A shopper paying at the supermarket check-out with a debit card pictured on July 04, 2013 in Bonn, Germany.
Ute Grabowsky Photothek via Getty Images
By Steven Semeraro
July 16, 2018

Earlier this year, Aaron Klein, a Brookings Institution fellow, argued that a variety of American banking practices exacerbate income inequality by effectively charging low-income people more than those with higher incomes. To the extent that he focuses on the time to clear checks and balance requirements for free checking accounts, income inequality likely plays some role in the allocation of the cost of banking services.

But Klein’s piece points the finger at reward credit cards. “Did you realize,” he asks rhetorically, “that working and middle class Americans subsidize the wealthy when they pay in cash or use debit cards?” To support his claim, he contends that economics dictates this result “[a]s long as merchants do not vary the price based on [a consumer’s chosen means of] payment.”

With respect to reward cards, Klein’s analysis doesn’t hold up. Economics will only dictate a reverse-Robin-Hood subsidy from low-income to high-income consumers if one assumes that merchant sales are effectively fixed, regardless of the types of payment mechanisms that a merchant accepts. That is, the merchant will make precisely the same number of sales in the same amounts regardless of whether it accepts reward credit cards.

To flush out Klein’s analysis, if sales are fixed and the merchant pays more to accept reward cards, then the merchant must increase its prices to cover the added fees. And if the merchant charges uniform prices, then all consumers pay a portion of the cost of accepting reward cards, while only those who use those cards get some money back. Since low-income consumers are more likely to use cash or debit cards, they effectively subsidize the high-income consumers who are more likely to pay with reward cards.

The problem with Klein’s analysis is that no rational merchant would accept reward cards if doing so would have no positive effect on the merchant’s sales. A merchant that took on additional costs without receiving a benefit that at least covers those new costs would not remain in business very long. Since most merchants are rational, they likely receive benefits from accepting reward cards that more than cover the merchant’s cost of accepting them.

The benefit leading merchants to accept reward cards must be increased sales. Like all credit cards, reward cards enable some consumers to make purchases when they don’t have cash readily available. Consumers who use a revolving balance are the obvious example. But many more simply won’t have the cash in their pocket when they consider making a purchase, even though they pay their bill in full without revolving credit.
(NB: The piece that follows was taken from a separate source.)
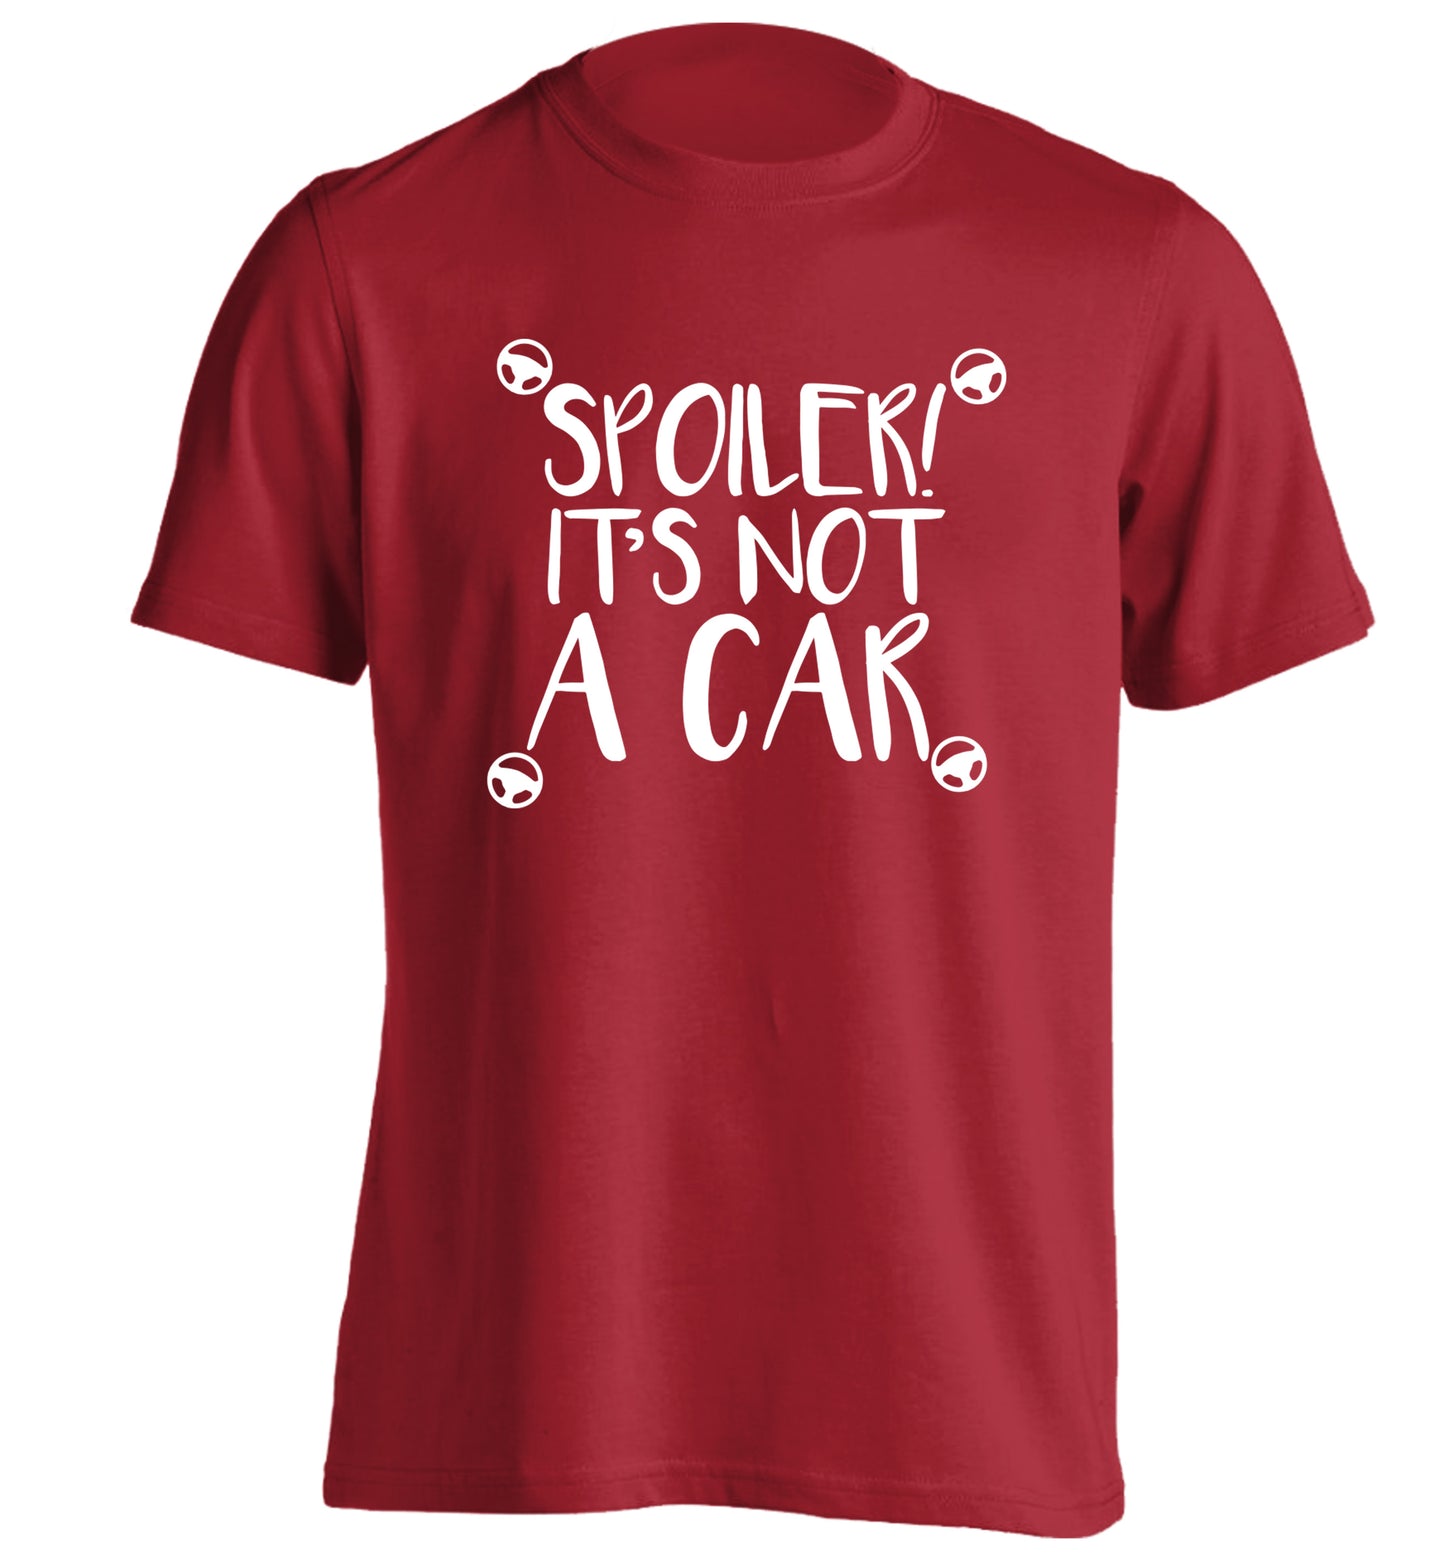 Spoiler it's not a car adults unisex red Tshirt 2XL

And the bonuses that reward cards pay to cardholders adds an additional stimulus. First, the bonus constitutes an effective discount that has the standard demand-increasing effect that any price discount would have, so a consumer would likely buy more of the same product or other products and services if he or she is getting a discount. Second, rewards may stimulate sales beyond what traditional economics would predict because of the psychological allure of getting something for nothing. Because of this effect, paying a bonus may actually stimulate more spending than a similar point-of-sale discount would.

To the extent that reward cards increase a merchant’s revenue through increased sales, the merchant can spread its fixed costs more widely and thus increase its profits. In a competitive market, merchants would have an incentive to reduce prices, trying to capture still more sales.

 

To the extent that the additional sales generated by reward cards lead merchants to lower their prices, those using reward cards, in a sense, subsidize those who use other means of payment.

One cannot definitively predict the direction of the price change resulting from reward card acceptance. The cost of acceptance, as Klein assumes, would put upward pressure on prices. But the stimulating effect of reward cards on sales also puts downward pressure on prices. The precise effect in a particular industry is difficult to predict and will turn on a variety of factors that are not easy to measure. But merchants in competitive industries such as supermarkets and home improvement stores would be the most likely to have lower prices as a result of reward card acceptance because they would be forced by the market to compete away much of the benefit that they receive from accepting those cards.

Steven Semeraro is professor of law at Thomas Jefferson School of Law. During the late 1990s, the author was the lead attorney on an investigation of Visa and MasterCard when he served as a trial attorney with the United States Department of Justice, Antitrust Division.